Both the app and app package kit for use with a general smartphone (or tablet, etc.) and the app and app package kit for use with 3D devices may be retained in the app store. When a user seeks to install the app, the app and app package kit suitable for the device type or specification is delivered to the user (step 2704). For instance, when the request originates with a user operating a 3D device, the version of the app and app package kit for use with 3D devices may be delivered, while the version of the app and app package kit for use with a general smartphone is delivered when the request originates from a smartphone.
Although FIG. 27 illustrates one example of a process 2700 for automatically converting 2D UI features in an app to 3D UI features suitable for an XR environment, various changes may be made to FIG. 27. For example, while shown as a series of steps, various steps in FIG. 27 could overlap, occur in parallel, occur in a different order, or occur any number of times (including zero times).
The present disclosure allows automatic (such as AI-assisted) conversion of a 2D widget UI to a 3D widget UI suitable for XR environments by (i) obtaining a 2D widget UI design, (ii) analyzing elements of the 2D widget UI design, (iii) determining spatial coordinates in a 3D XR space for each analyzed element, and (iv) rendering the analyzed elements at the determined spatial coordinates to form the 3D widgets. Interactions for 2D widget UI elements can be detected and translated to commands in XR space for the corresponding 3D widget UI elements. Analyzing elements of the 2D widget UI layout could include identifying buttons, text, graphics, and other elements (such as backing, stats, time/date, chunking, decorative element, and media display) that are ready to be converted into 3D widgets with consideration of element interactivity and dynamic effects in 3D spaces.

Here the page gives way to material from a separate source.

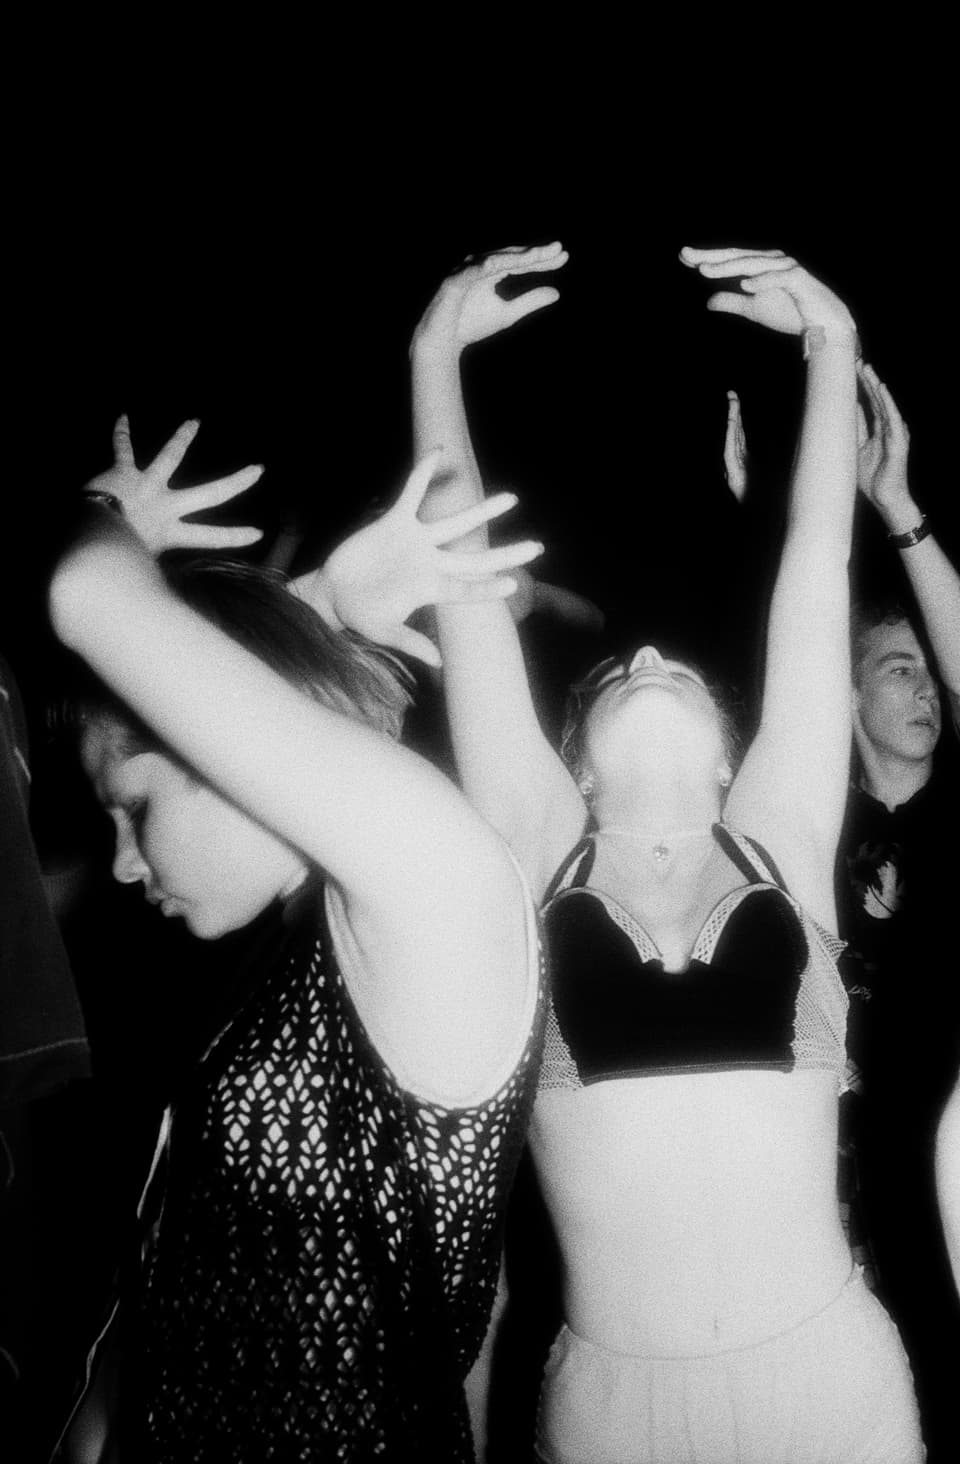 Man sieht mehrere junge Menschen beim Tanzen an einem Rave. Sie heben die Hände in die Luft.

Determination of spatial coordinates in a 3D XR space could include computing depth values for each analyzed element based on predefined depth profiles and consideration of placement on for both vertical and horizontal surface, where the depth profiles can be determined based on the hierarchy or importance of the UI elements.
It should be noted that the functions shown in the figures or described above can be implemented in an electronic device 101, 102, 104, server 106, or other device(s) in any suitable manner. For example, in some embodiments, at least some of the functions shown in the figures or described above can be implemented or supported using one or more software applications or other software instructions that are executed by the processor 120 of the electronic device 101, 102, 104, server 106, or other device(s). In other embodiments, at least some of the functions shown in the figures or described above can be implemented or supported using dedicated hardware components. In general, the functions shown in the figures or described above can be performed using any suitable hardware or any suitable combination of hardware and software/firmware instructions. Also, the functions shown in the figures or described above can be performed by a single device or by multiple devices.
Although this disclosure has been described with reference to various example embodiments, various changes and modifications may be suggested to one skilled in the art. It is intended that this disclosure encompass such changes and modifications as fall within the scope of the appended claims.